[[ Provided material open ]]

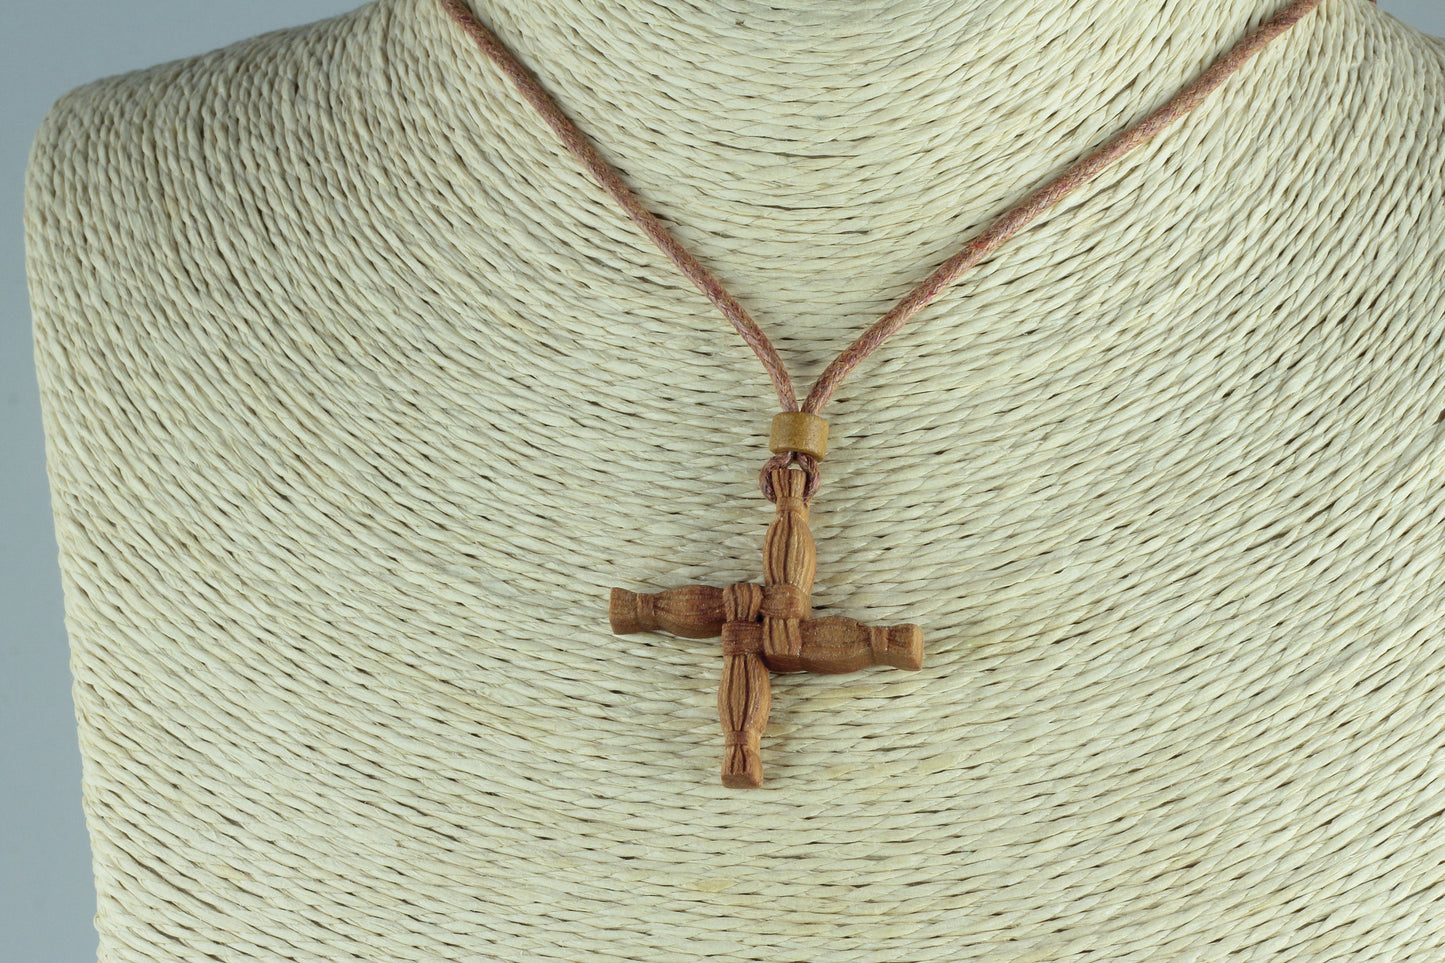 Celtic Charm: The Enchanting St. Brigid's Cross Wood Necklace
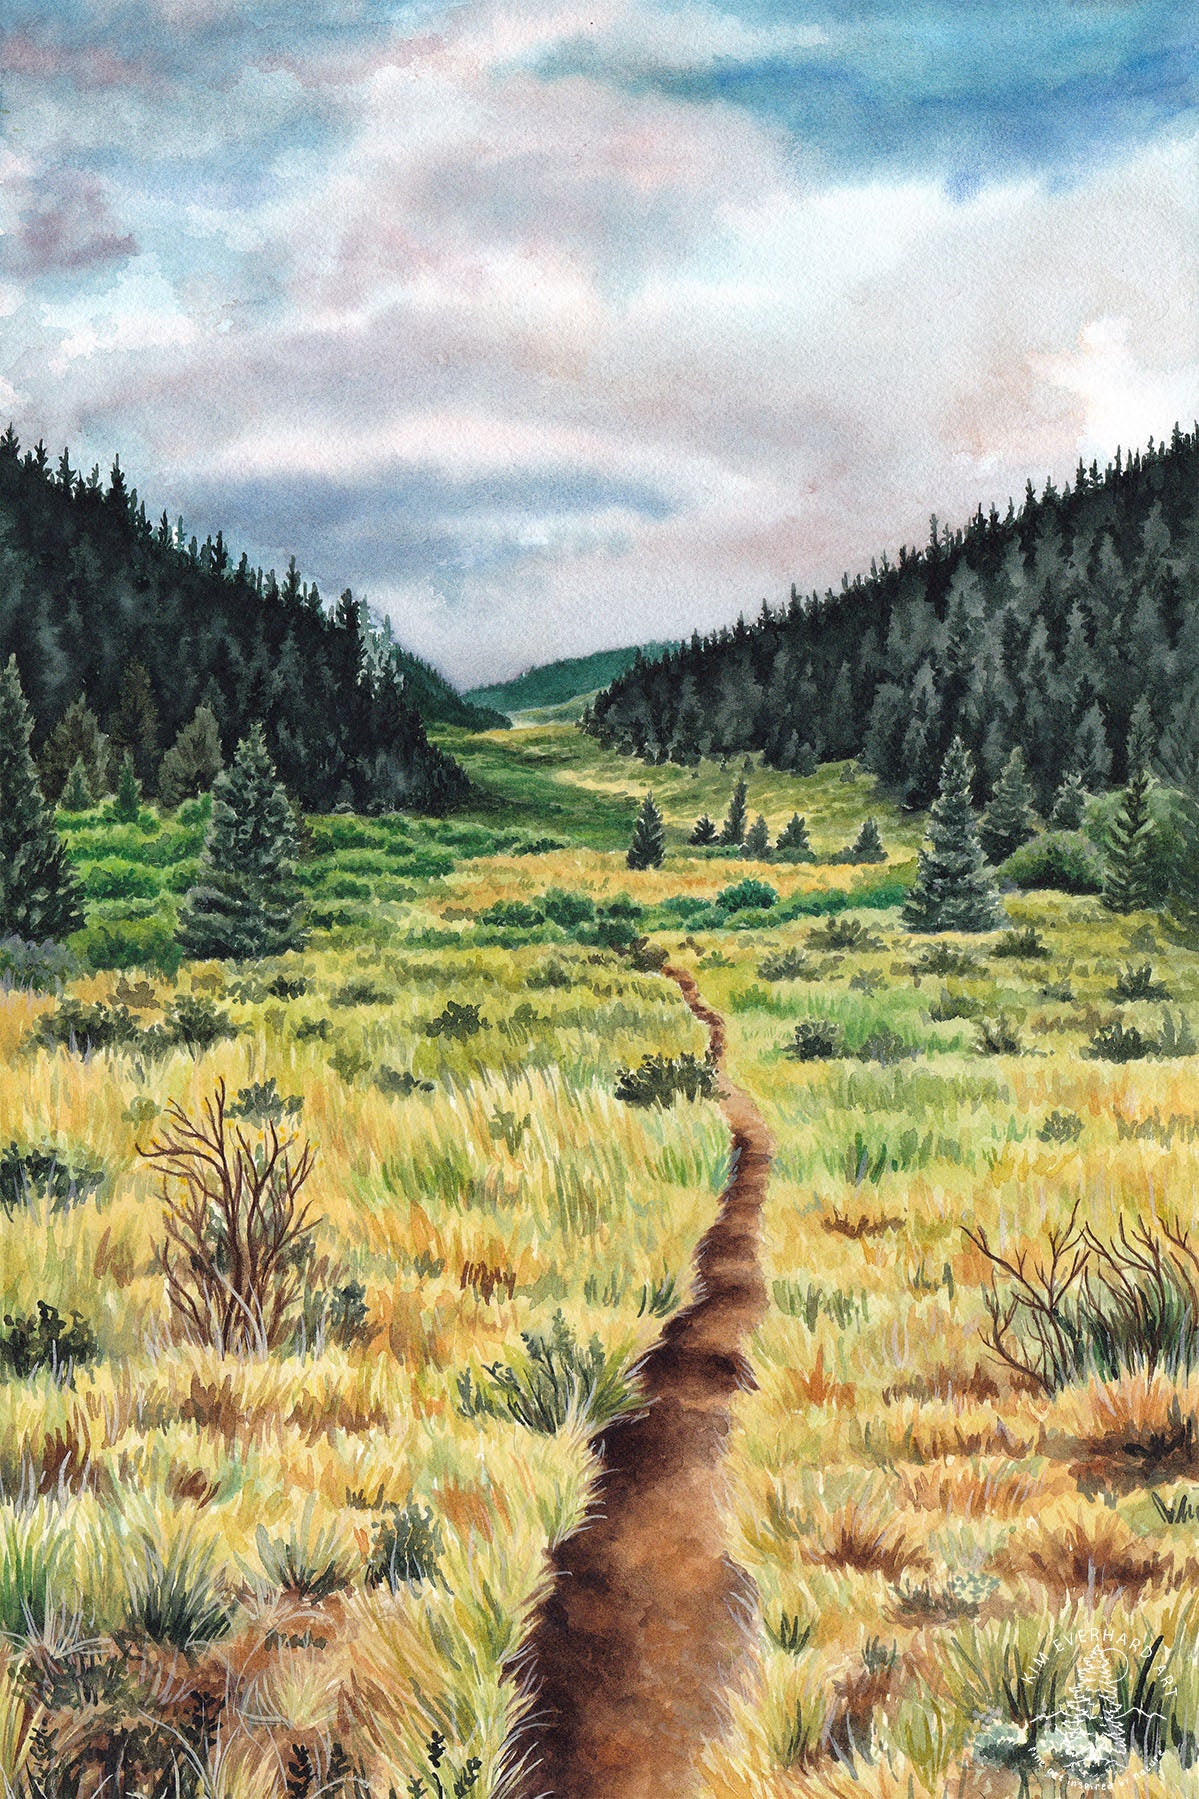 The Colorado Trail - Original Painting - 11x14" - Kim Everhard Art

[[ Provided material closed ]]
[[ Provided material open ]]

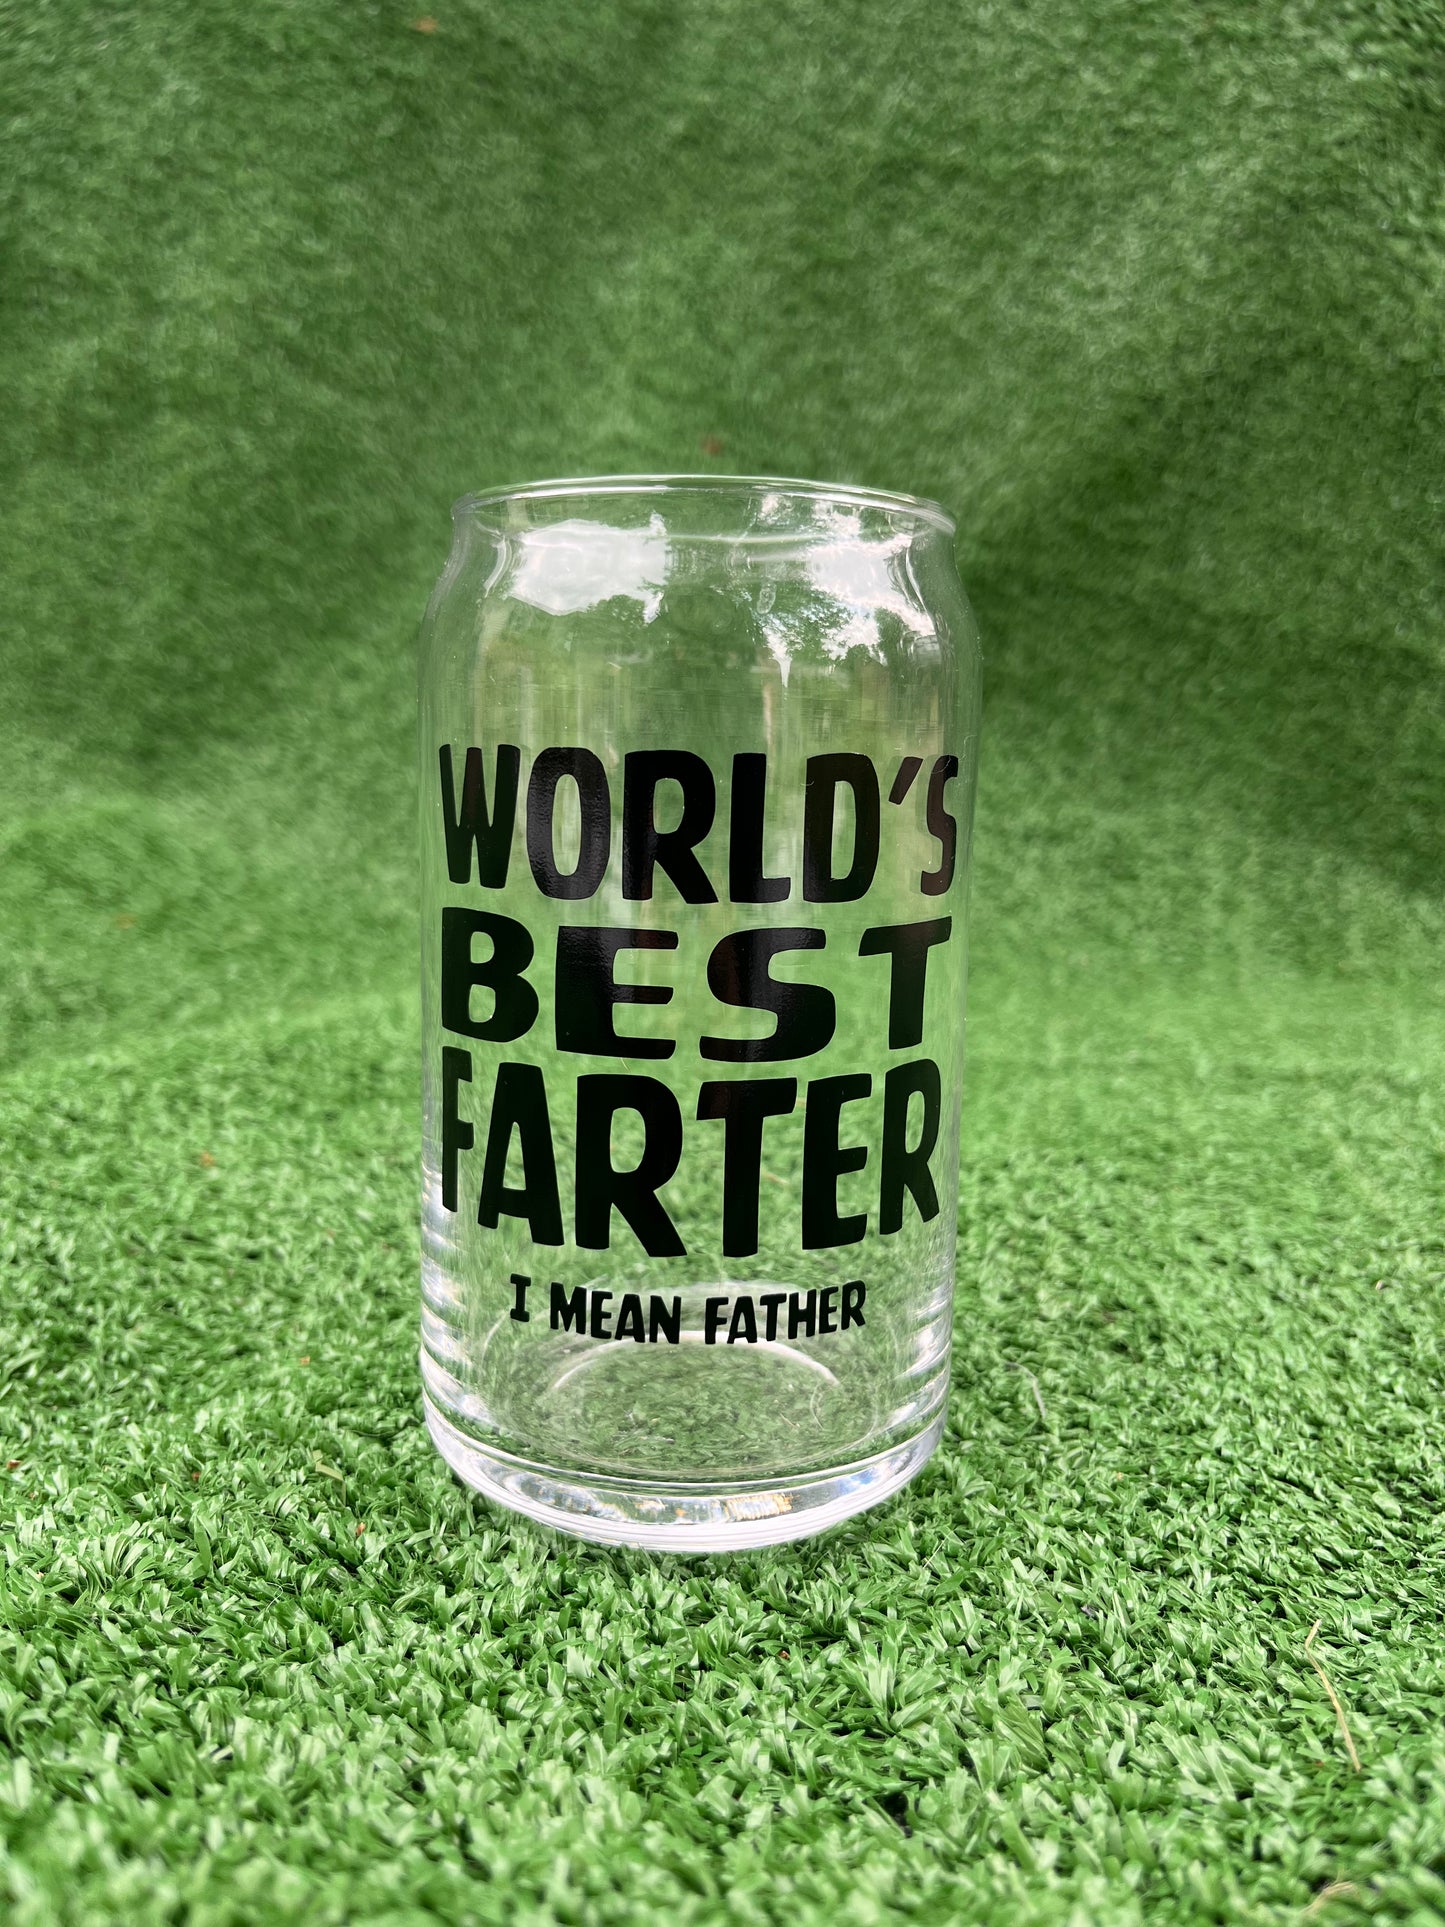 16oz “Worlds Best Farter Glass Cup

[[ Provided material closed ]]
[[ Provided material open ]]

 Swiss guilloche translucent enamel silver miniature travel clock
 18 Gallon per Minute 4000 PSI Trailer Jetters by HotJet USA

[[ Provided material closed ]]

*The task*: Skipping the pictures, print the lines in the listing above exactly as written, starting at the line with "Celtic Charm: The" and ending at the line with "The Colorado Trail", both included.

*Result of the task*:
 Celtic Charm: The Enchanting St. Brigid's Cross Wood Necklace
 The Colorado Trail - Original Painting - 11x14" - Kim Everhard Art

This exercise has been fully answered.